Though deep learning has greatly improved neural decoding in BCI systems, data scarcity and poor generalization remain key obstacles to further progress. In particular, the strong non-stationarity and subject-specific variability of EEG signals lead to markedly different patterns across individuals performing the same task [19]. Moreover, the high cost of expert-labeled EEG data, coupled with the limited size, class imbalance, and task constraints of public datasets, poses a major challenge to effective deep model training. Collectively, these limitations undermine decoding robustness across different tasks and individuals. To enhance generalization, data augmentation techniques generate synthetic variations, like noise injection, temporal jittering, spectral shifts, and segment resampling, to increase data diversity and mitigate overfitting. Few-shot learning and meta-learning approaches incorporate structural priors and fast adaptation mechanisms, enabling models to perform well even under limited sample conditions. Besides, self-supervised and unsupervised pretraining strategies leverage auxiliary tasks, such as temporal prediction or surrogate objectives, to extract informative representations from unlabeled EEG data, thereby reducing the need for large labeled datasets in downstream tasks. Also, transfer learning and domain adaptation enhance decoder robustness across tasks and subjects by aligning cross-domain features for effective knowledge transfer [12].

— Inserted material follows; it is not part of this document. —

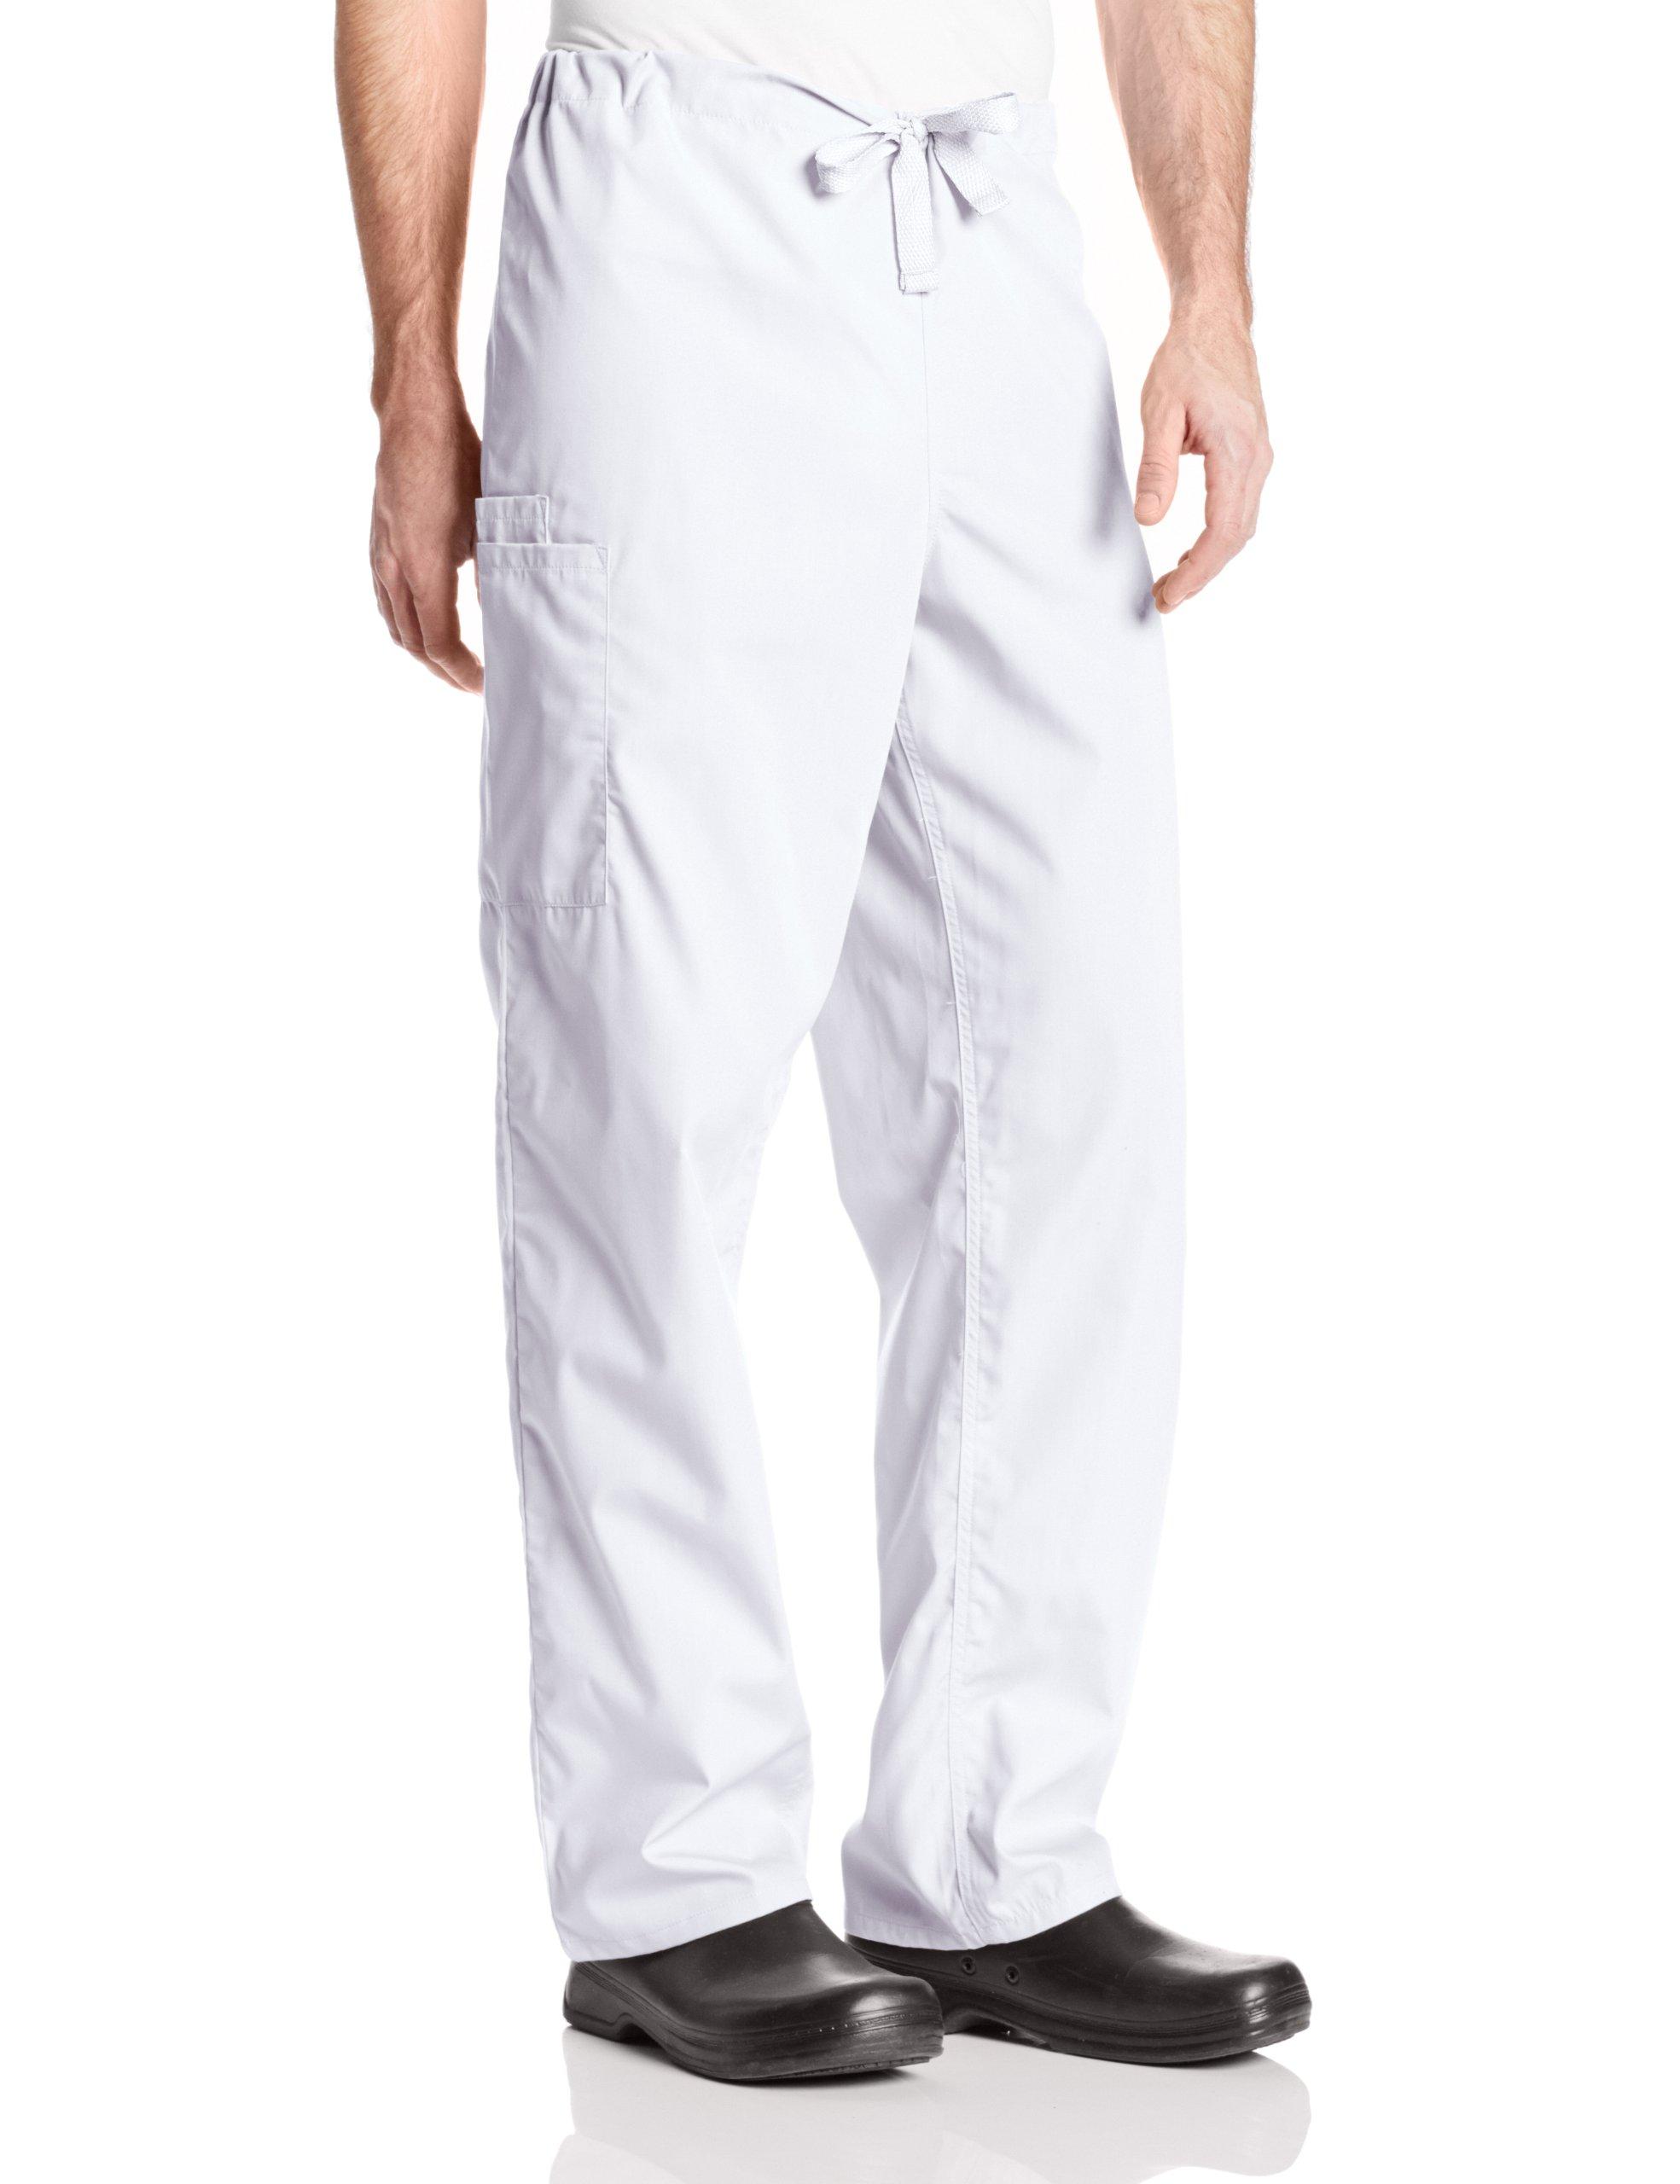 Cherokee Workwear Scrubs Unisex Cargo Pant, White, Medium by Cherokee (Image #1)

5. Future outlook on the integration of AI and BCIs

The transition of BCI technology from laboratory research to real-world implementation is being accelerated by recent breakthroughs in artificial intelligence. By enhancing decoding accuracy and speed, CNNs and RNNs push BCI performance forward. Meanwhile, transfer and self-supervised learning ease data requirements and enhance generalization, thus paving the way for practical BCI deployment. In neurorehabilitation, these advances have driven progress in motor recovery, speech support, and epilepsy monitoring. Looking ahead, AI-powered BCIs are expected to enable precise neural modulation and personalized therapy, enhancing both rehabilitation outcomes and patient well-being. Besides, BCIs are enabling smarter environments, real-time cognitive monitoring, and more intuitive human-computer interaction. For instance, real-time EEG-based cognitive state monitoring enables adaptive driving systems to adjust assistance strategies dynamically, enhancing both safety and user experience. However, widespread adoption of BCI technologies still faces major challenges. EEG signals remain highly susceptible to noise and inter‑individual variability, and current algorithms lack robustness across diverse contexts and tasks. At the same time, handling sensitive neural data raises acute privacy and ethical concerns; without clear legal frameworks, misuse could erode user rights and public trust. To bring BCIs into real-world use, AI integration must therefore deliver stronger algorithmic robustness, lighter models, stricter privacy protection, and explicit ethical safeguards. These advancements must be underpinned by collaborative research, regulatory alignment, and increased public awareness. Only such balanced growth of technology and governance will allow BCIs to become reliable tools for intelligent interaction and precision neurorehabilitation, laying the groundwork for a trustworthy human-AI symbiosis.

6. Conclusion

This paper examines the progression of neural signal decoding techniques in BCI systems, focusing on the transition from traditional machine learning to deep learning and the resulting changes in performance and application scope. The results show that deep learning outperforms traditional methods in accuracy, generalization, and real-time performance, establishing itself as the dominant paradigm in neural decoding. Various architectures exhibit unique strengths in capturing spatial, temporal, and long-range dependencies. Meanwhile, emerging approaches such as self-supervised learning and GANs offer promising solutions to challenges such as data scarcity and inter-subject variability. Looking ahead, the advancement of BCI depends not only on continuous algorithmic innovation but also on coordinated efforts in policy, ethics, and public acceptance. Integrating AI with BCI while ensuring privacy and data security will be critical to enabling its broader adoption and real-world impact.